The two CRM Live editions are professional and enterprise. Both products were US$75 per user/per month, but will now be US$44 for the professional edition and US$59 for the enterprise edition. All versions will have full sales, marketing and service modules that can be accessed through Outlook or a browser client. The only difference is the enterprise edition offers offline data synchronization.
The professional version will be released in the third quarter of this year, while the enterprise version will be out in the first half of 2008. But Microsoft is taking its price chop one step further with the professional version, with a promotion price of US$39.
There will also be a partner engagement model for CRM Live where partners will be compensated on a re-occurring basis, where for each year they will receive 10 per cent on subscription revenues so long as they are the partner of record. In 2008, there will be a special incentive of 15 per cent off the re-occurring subscription revenues.
Joel Martin, vice-president, enterprise software research with IDC Canada, believes customers want this because the true SaaS model has not taken off in Canada. “CRM is at a watershed moment in the market and will grow more than 10 per cent in the next few years,” he said.
Martin said he was surprised by the dramatic price drop, but the industry specific modules could make CRM implementations easier. “A few years ago CRM implementations failed because they did not meet the needs of the customers,” Martin said.
Jim Heaton, CEO of Vox Wireless, a Toronto-based solution provider, said the price cuts will put immense pressure on Salesforce.com since it is a publicly traded company, and would be deeply impacted if 25 per cent of its revenue was cut just to match Microsoft’s new prices for CRM Live.

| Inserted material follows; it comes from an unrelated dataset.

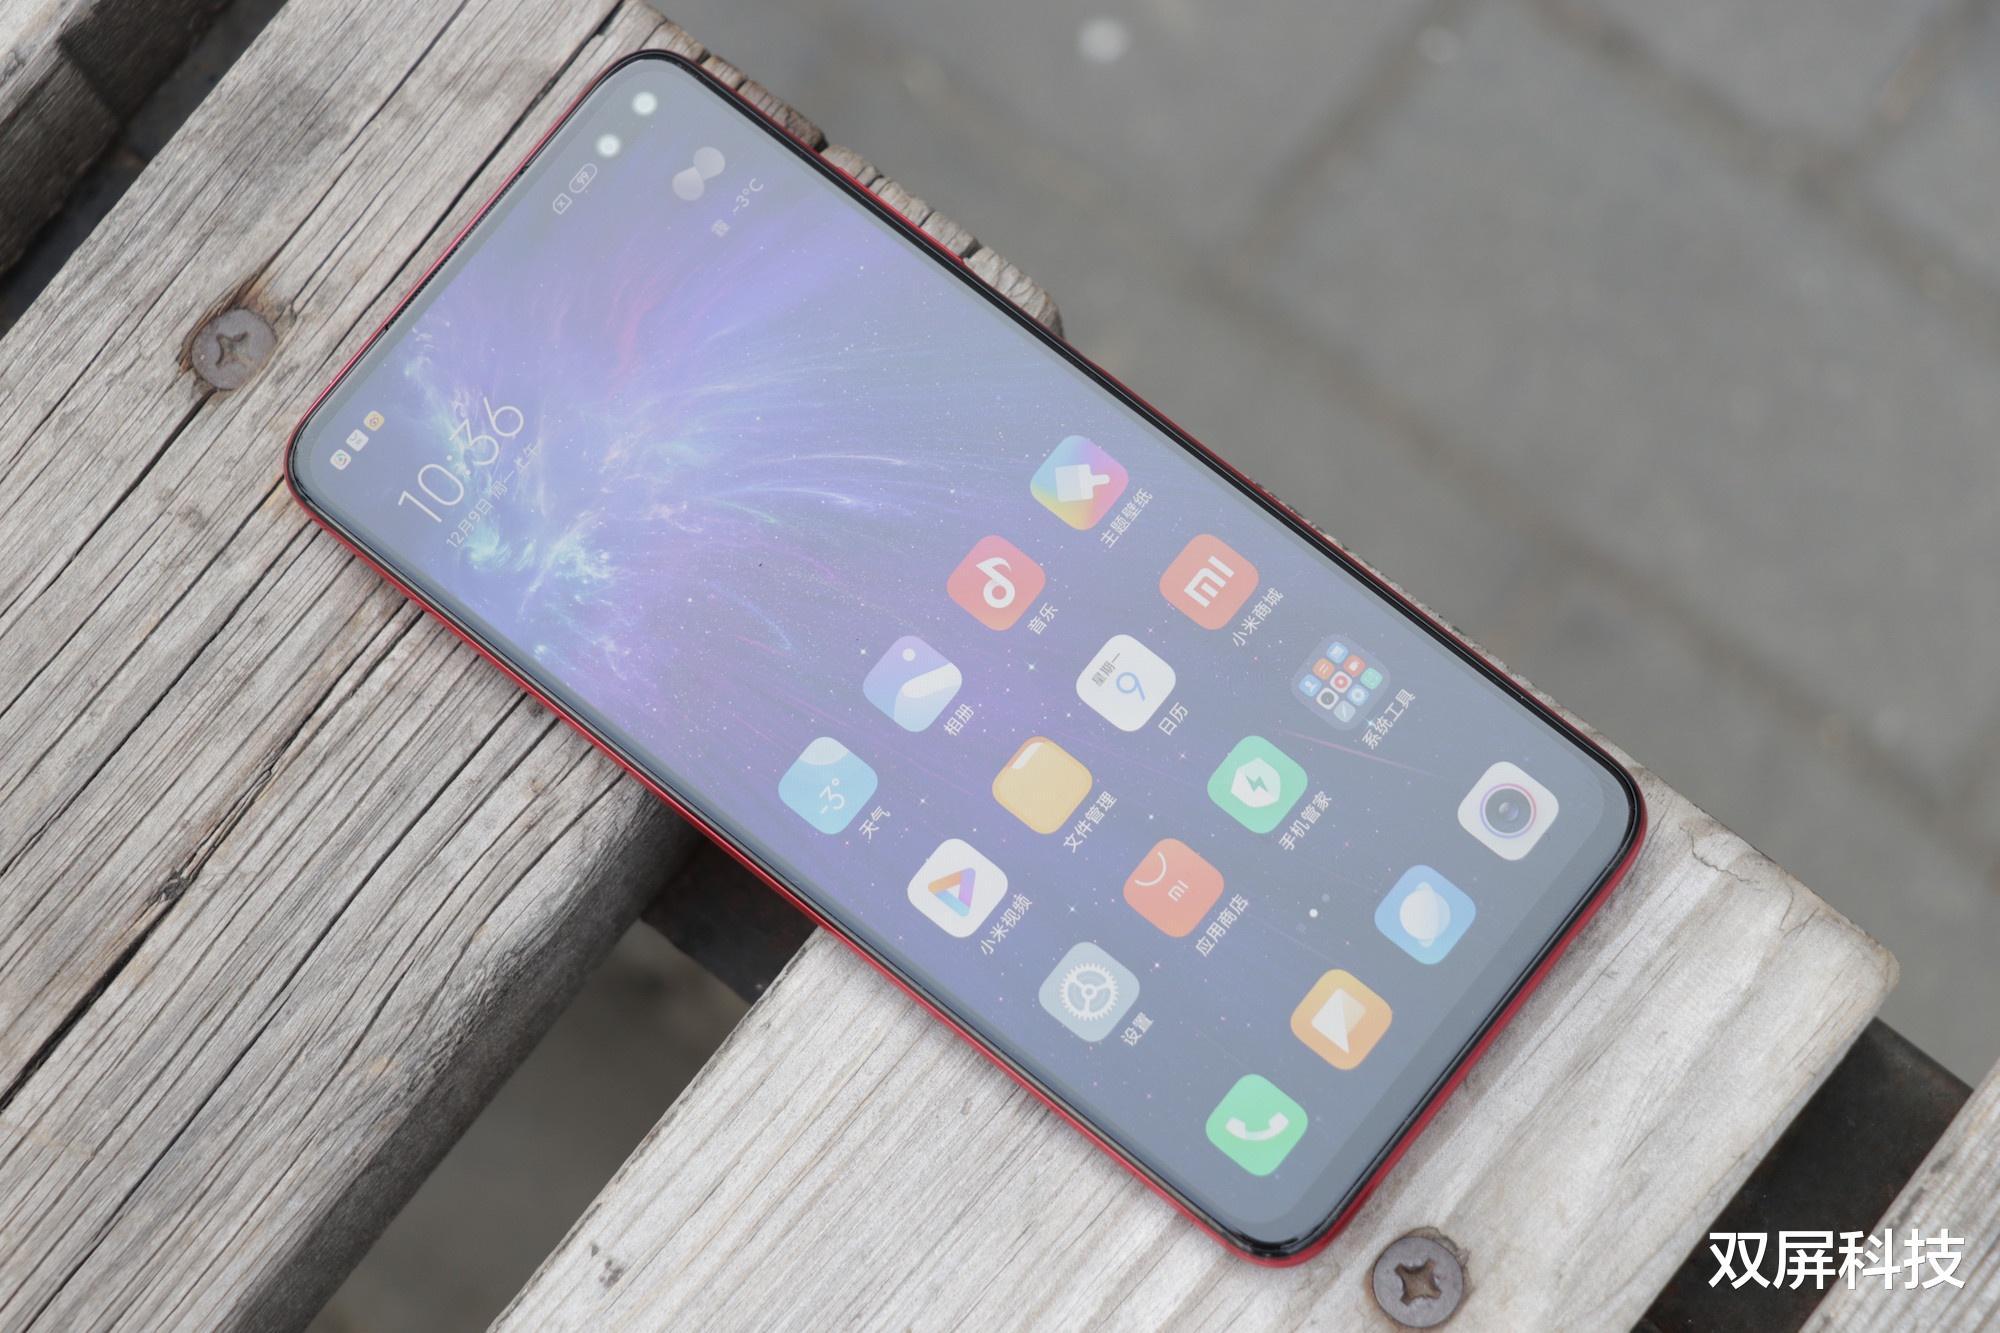 1499元双模5G手机,128GB存储+120Hz屏,雷军:你们还不买吗?

“If you compare the price of what is coming out, it is about half (of what Salesforce.com charges), but that is just half the story. If you compare feature-to-feature with some of Salesforce.com’s plug-ins, for an average customer you have to add another $40 to $50 a seat. Really it is one third the price,” Heaton said.
Heaton said that partners need to do the math before entering this market so that they can figure out how to make money from CRM Live.
Vox Wireless has many 10 to 15 seat customers and for every $10 spent the company gets $1 for professional services, Heaton said.
Now that Sharepoint is free with SQL Server, Heaton believes there are multiple opportunities for professional services partners. For example, after Sharepoint, customers will be interested in business intelligence, and with Office Communications 2007 fitting into CRM Live long life cycles can be created with customers.
The average commission structure for CRM Live license is 20 per cent for the enterprise version. “If a seat is $1,100 our commission is $220. At $59 (for the enterprise version) that is now $700 and if you make 15 per cent on that it is now $120 per seat. The break even point for partners is two to three years. If you do the math there may be a cash flow issue early on, but it can turn into a cash cow after that,” Heaton said.
Microsoft also announced Customer Early Access Program, a partner-led plan offered for only the professional version of Live CRM. This no charge program will be extended to the end of this year and can work for any customer with five seats or more.
The company is offering pre-configured vertical templates for the public sector and manufacturing industries.
Frank Falconer, CRM product manager for Microsoft Canada, said this offering is essential with specific demos and resources for these two industries for now. Other vertical packages will be announced later on, he said.
“When CRM Live is out it will have a partner solution marketplace and ISVs can build add-ons to CRM Live and place it on this online market place. This is a great opportunity for ISVs who develop add-ons for on-premise solutions and can now be ported over to the Live version,” he said.
Falcone added the CRM Live has the same code as the regular CRM package and therefore users can go back and forth from an on-premise to hosted environments.
“This leads well to Software+Services by giving customers the power of choice with deployment, purchase price and user experience,” Falcone said.
More than 600 partners are currently working with the pre-release versions of CRM Live code named Titan. CRM Live is free and billing will start in the first half of 2008.